Wednesday, March 28, 2012

Outsourcing IT Management Mitigates Risk


While every good organisation has an IT management strategy, it is not always possible for an SME to employ several people with the skills required to effectively manage the various elements of an organisation’s IT. An outsourced IT model will mitigate risk from a lack of skills, threat of staff turnover and budget restrictions.
Having a supervisor is all well and good when there is a problem with a PC, but such an employee seldom has the skills to assist in other areas of IT. This is the challenge for most SMEs – their view of IT is very operational, meaning there is little long term strategy in place.

In other words, an SME may spend quite a bit of money getting the basics in place, but they will seldom have considered all aspects of their IT strategy. The goal is to empower SME customers to make the right IT decisions.

There are numerous areas within IT that need to be considered; everything from servers, to desktops to connectivity needs to be taken into account. In addition, other areas of concern include the company’s expansions plans, potential hardware replacement costs, taking care of software licensing and so on.

The outsourced provider should assist clients to determine what their IT requirements are, how to plan their Opex or Capex spend, how to understand the difference between core requirements and business-specific needs and how to get operational again in the case of a disaster. It is an imperative to work together to ensure that their IT works as an investment rather than a liability and will assist the business moving forward, rather than costing it money.
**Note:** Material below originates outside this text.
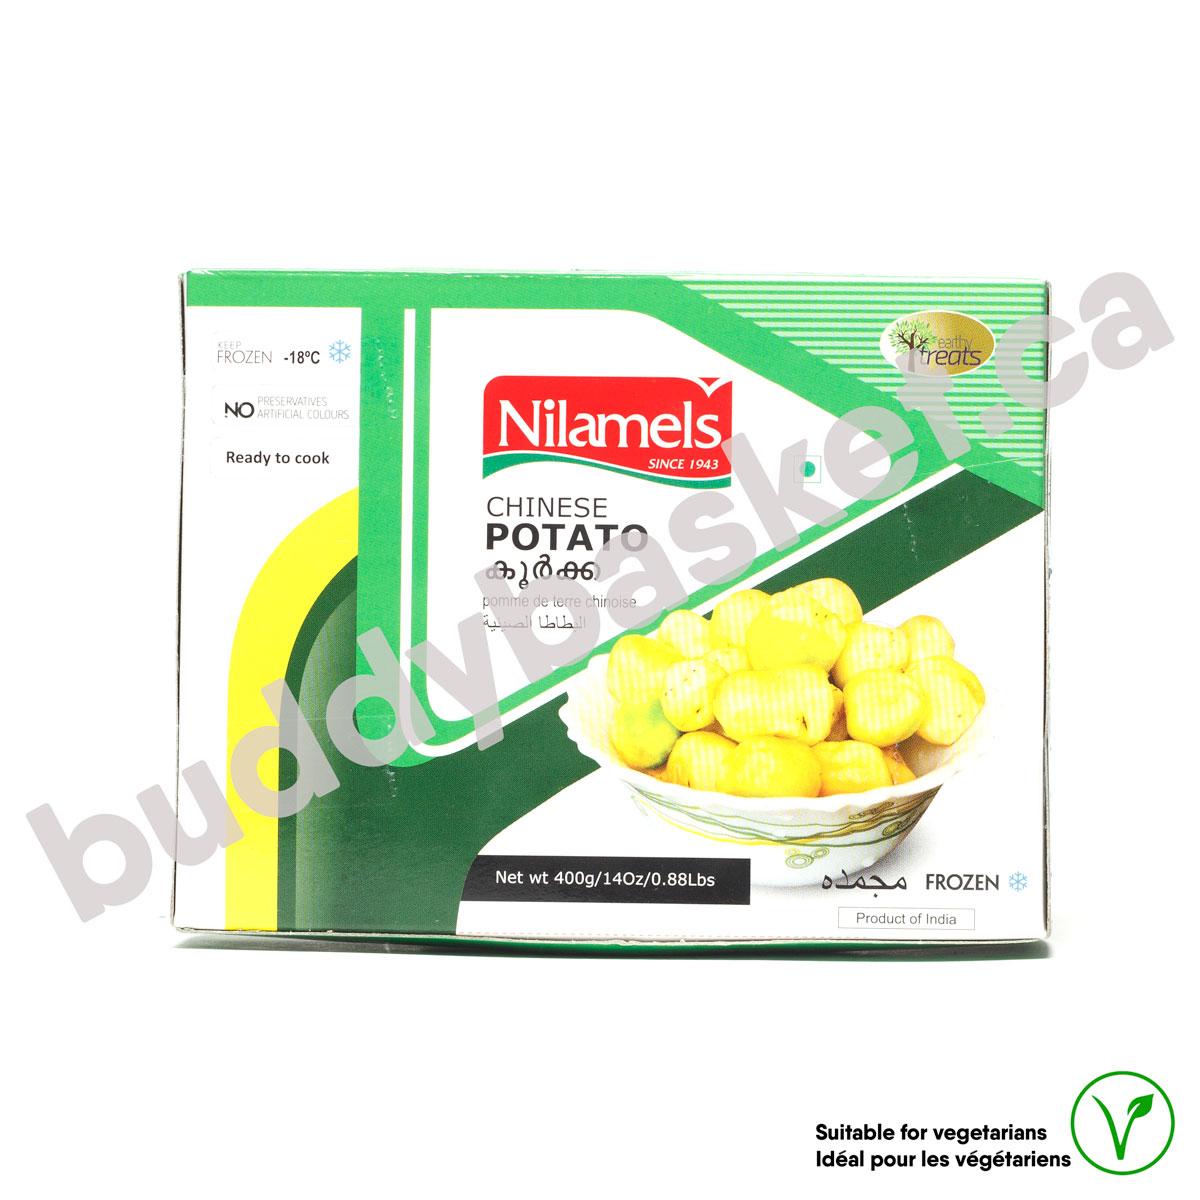 Nilamels Chinese Potato 400g

In my experience a number of SMEs make the decision to do it themselves simply because they don’t have the information available to help them in making the right decisions. However, the benefits of outsourcing should be plain – moving from a Capex model to an Opex-driven one; access to a large base of skills and resources; and handing the management and strategy of your IT to an expert are among the key motivating factors in this regard.

As part of an outsource model, the service provider will offer a holistic view of the customer’s entire IT strategy. So for example, the provider should ensure that the customer has an effective disaster recovery (DR) plan in place, which is something the SME itself doesn’t always properly consider.

Using some basic mathematics can show just how beneficial an outsource model can be. For example, an SME that has a 60-user site that needs server and desktop maintenance, hiring an entry-level engineer (at around R12-15 000 per month) and a more senior engineer (at around R20 000 per month) would mean a business would be spending approximately R30-35 000 per month for a basic set of resources.

For that sort of investment with an outsource provider, an SME could have access to a network, servers, telephony and desktops as core services, as well as access to a call centre for first line support. In addition, their licensing management, backup and DR strategies would all be taken care of and backed up by service level agreements (SLAs). It would also mean no worries around staff turnover and skills upgrades. And with a large pool of resources to call on, they would have access to a greater number of skills than they could reasonably expect to employ.

Going on your own can easily lead to uncontained costs, whereas an outsource service provider is focused on saving you money while also providing you with business flexibility, ease of maintenance and simplified management.

Ultimately the goal must be to assist the SME to them make the right decisions, based on the right information supplied by the outsourced provider. The aim is to help the SME think about the things they would otherwise never know to ask.